Meraloma Club (nicknamed the Lomas) is a Canadian rugby union team based in Vancouver, British Columbia. Founded in 1923, The Meraloma Club originated as a swim club before branching out with an array of other sports including rugby. The rugby club currently competes in the British Columbia Premier Rugby League.

History

Established in 1923 as a swim club the Meraloma Club was originally named the Mermaid Athletic Club before adding canadian football, rugby union and other sports. With the inclusion of new sports came the development of a new name. By taking "Mer" from the original Mermaids name and adding "al" from alpha, "om" from omega (the first and last letters of the Greek alphabet) and "a" from "always" that was interpreted to mean "Mermaids, first, last and always"; reflected in the club motto "Once a Meraloma, Always a Meraloma". Thus, the Mermaid Athletic Club became the Meraloma Club.

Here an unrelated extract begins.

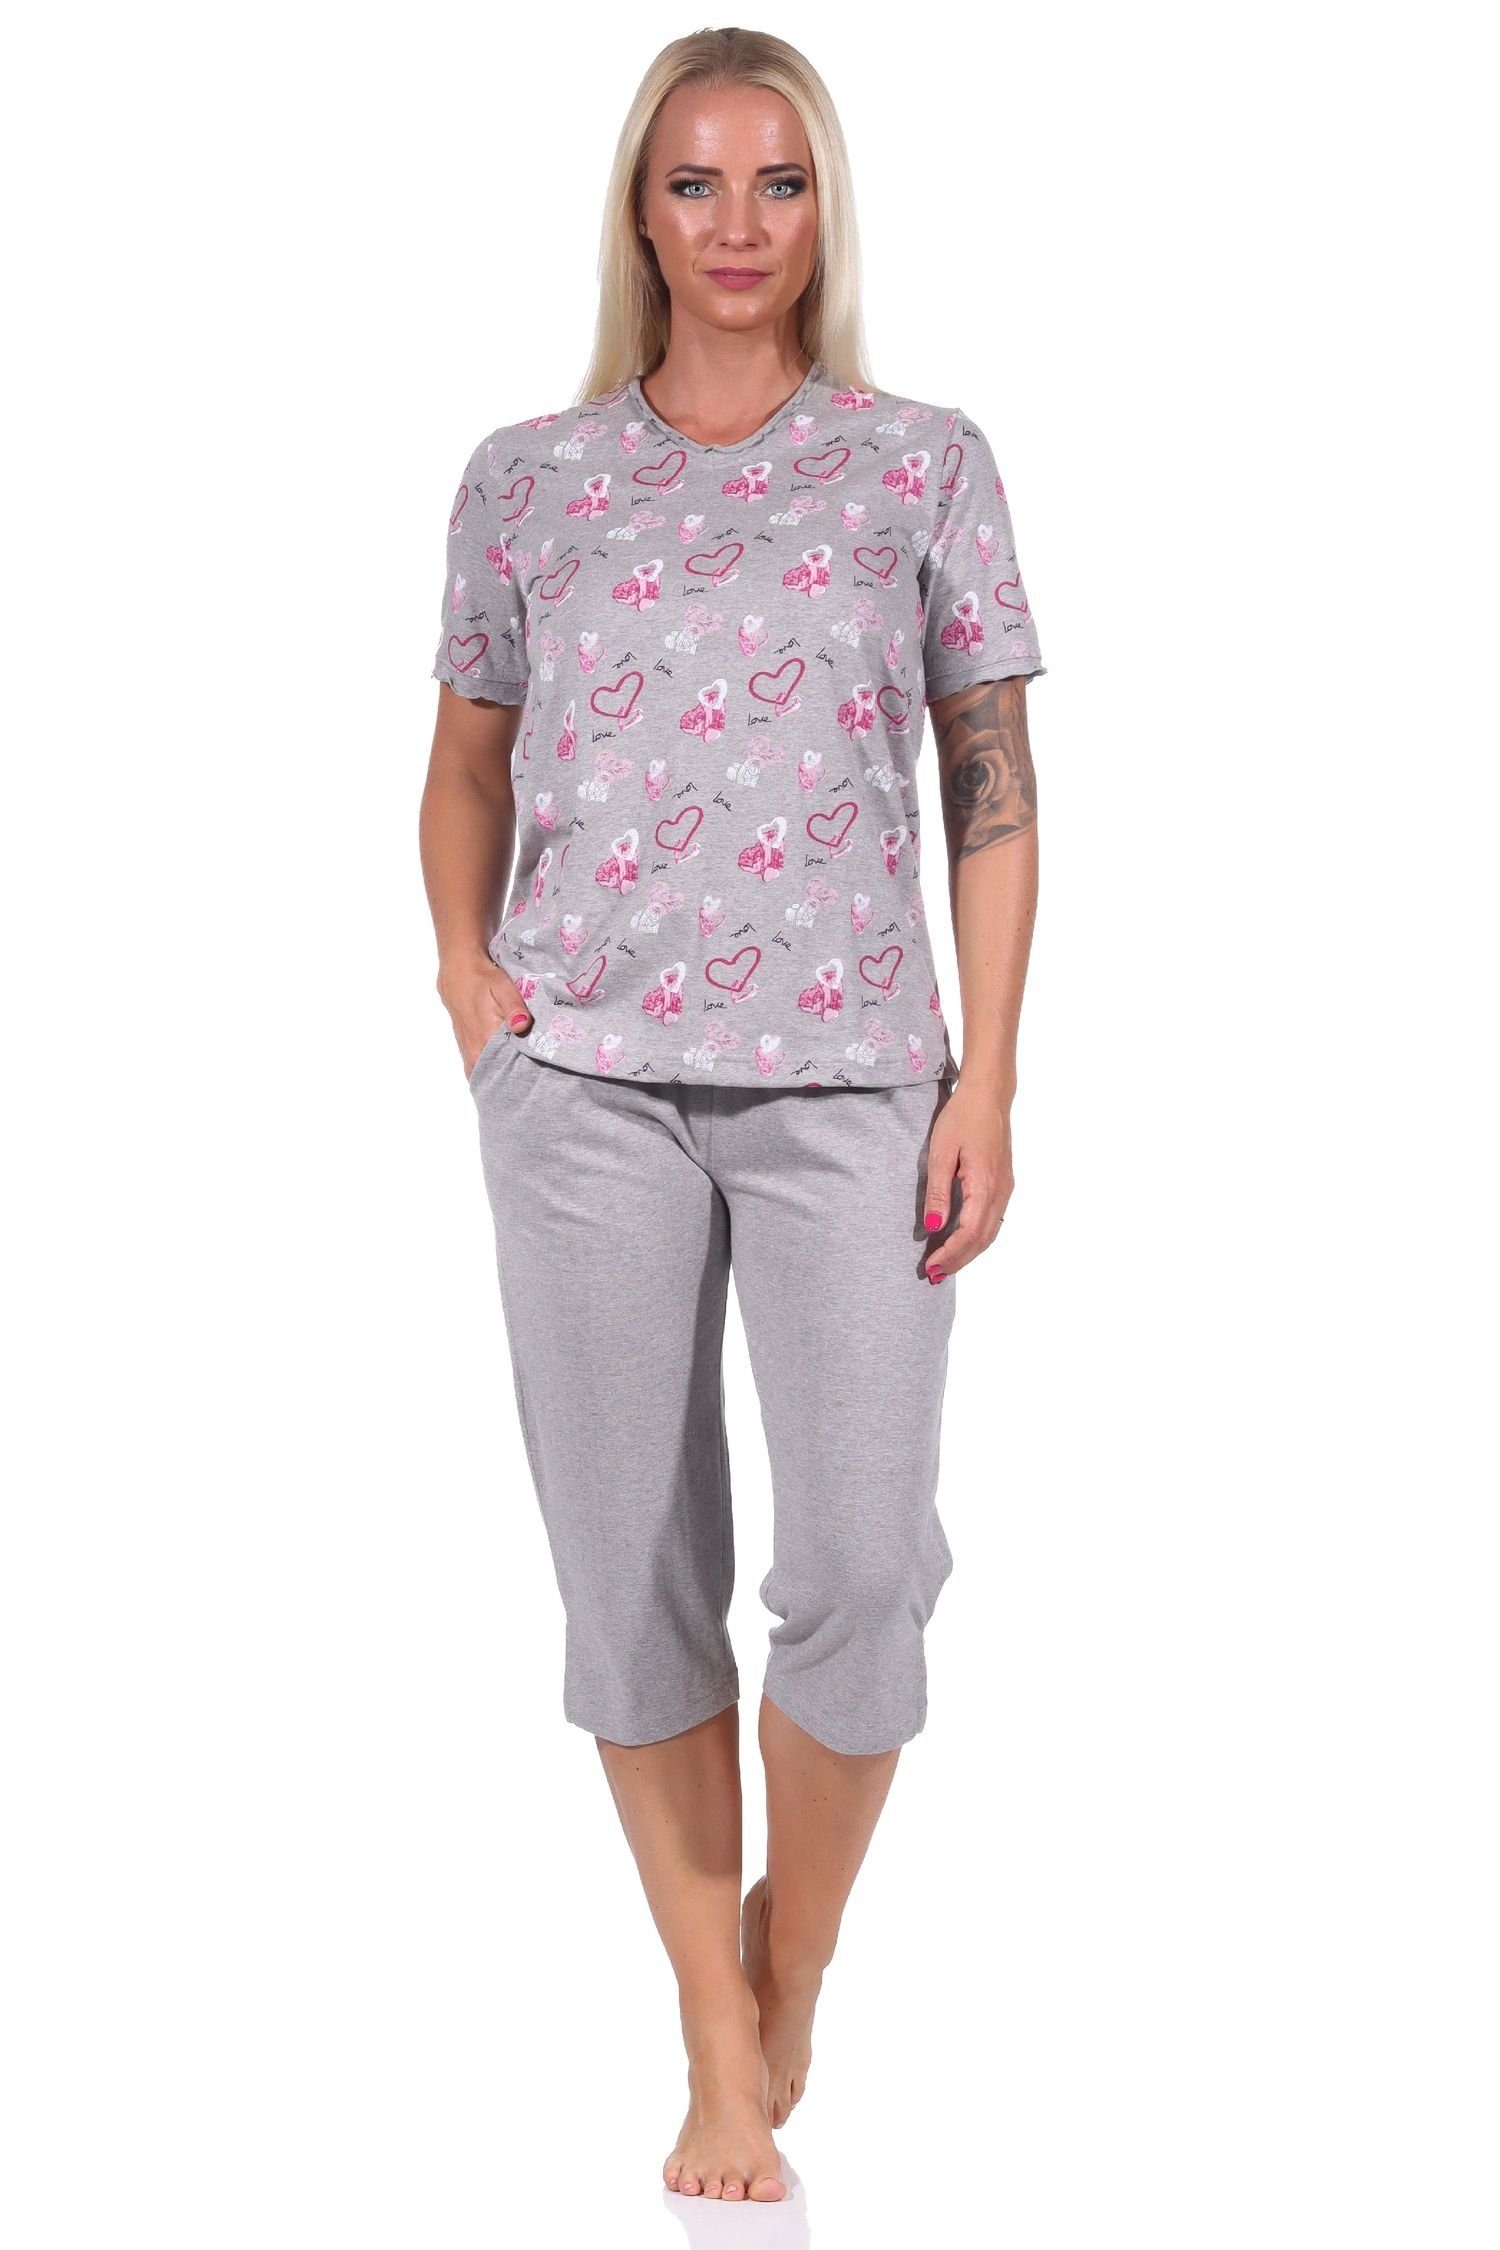 Normann Pyjama Damen kurzarm Übergrößen Schlafanzug in in grau-melange Herz auch Capri Optik

The Rugby Section of the Meraloma Club has had tremendous success, both on a team, & individual level, with numerous premiership titles for the club. Players for the Meraloma's also compete at both the Provincial & National Levels. The Meraloma's most recent Rounsefell Cup win came in 2009. The team also managed to make it to the 2011 B.C. Rugby Premier League final but eventually lost out to Castaway Wanderers RFC by a score of 20-3.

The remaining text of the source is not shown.